Re: Squid multiple ports

From: Graham Toal <[email protected]>
Date: Tue, 6 May 1997 11:22:46 -0500 (CDT)

> From: Cefiar <cefiar@amarok.glasswings.com.au>

> On Tue, 6 May 1997, David Richards wrote:
>
> > What advantage would I have, or for what purpose would I choose to
> > implement the patch that enables squid to listen on different ports??
> >
> > Why would this help me??
>
> This is useful if...
>
> 1> You are migrating from one cache product to another. You can add a
> 'different' port of 8080, and it'll take all requests on 8080, which is
> the default in apache if you enable the proxy module.
>
> 2> It can give you freedom to play with other cache programs by simply
> disabling squid's use of a port, and telling your new cache program to use
> that port only. eg: I could use the port duplication module and give ftp
> it's own port number. I can then disable it later in squid, and run a
> dedicated ftp cache that supports ftp and http requests, without any of
> the users really realising that any change had occured.

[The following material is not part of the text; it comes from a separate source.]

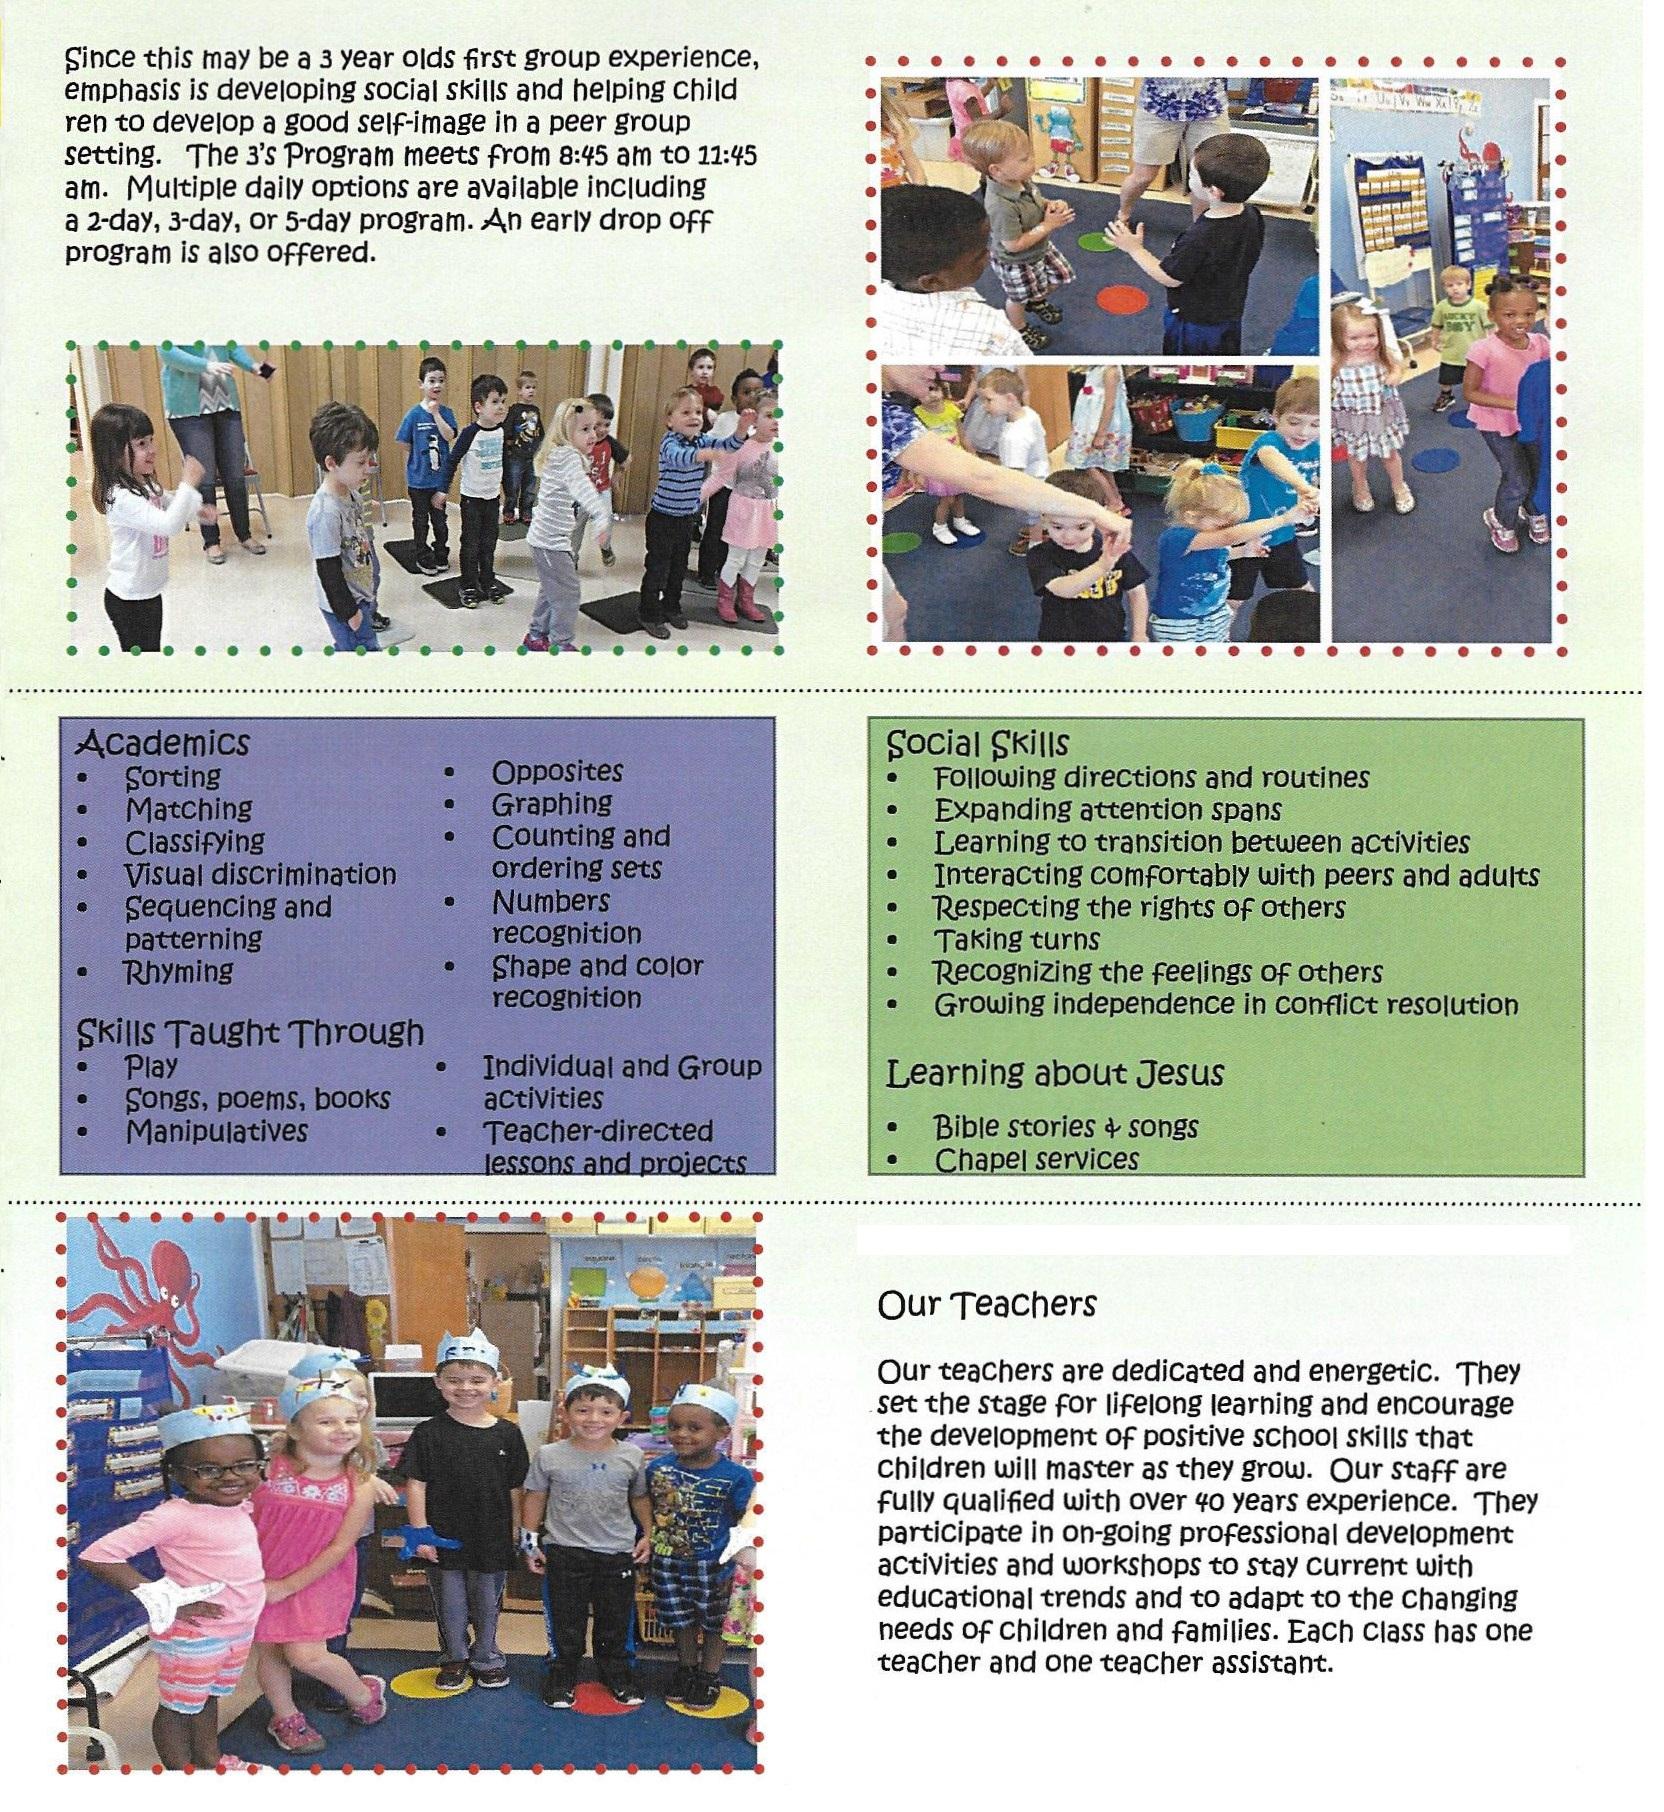 3-Year-Old Program

I'm running two caches one one machine; one a straight forward squid cache;
the other a CERN cache acting as a proxy only, which rewrites some URLs
so that schoolkids can't access the playboy page etc. I'd like that
second cache to be an instance of squid too, using the squid redirector,
so this multi-port stuff would probably do the trick. However I'd prefer
not to slow down accesses for everyone else by having them also use
the redirector, albeit as a no-op. (It would have to check the browser
IP address first; it's easier if it just knows it's a school from the
different port number).

With this multi-port patch, is there an easy way to choose a different
redirector according to the port number the request came in on?

G

PS I don't have the ram to run two copies of squid independently, as
far as I understand it. Or is it possible to do a proxy-only squid
that doesn't eat ram like the main one?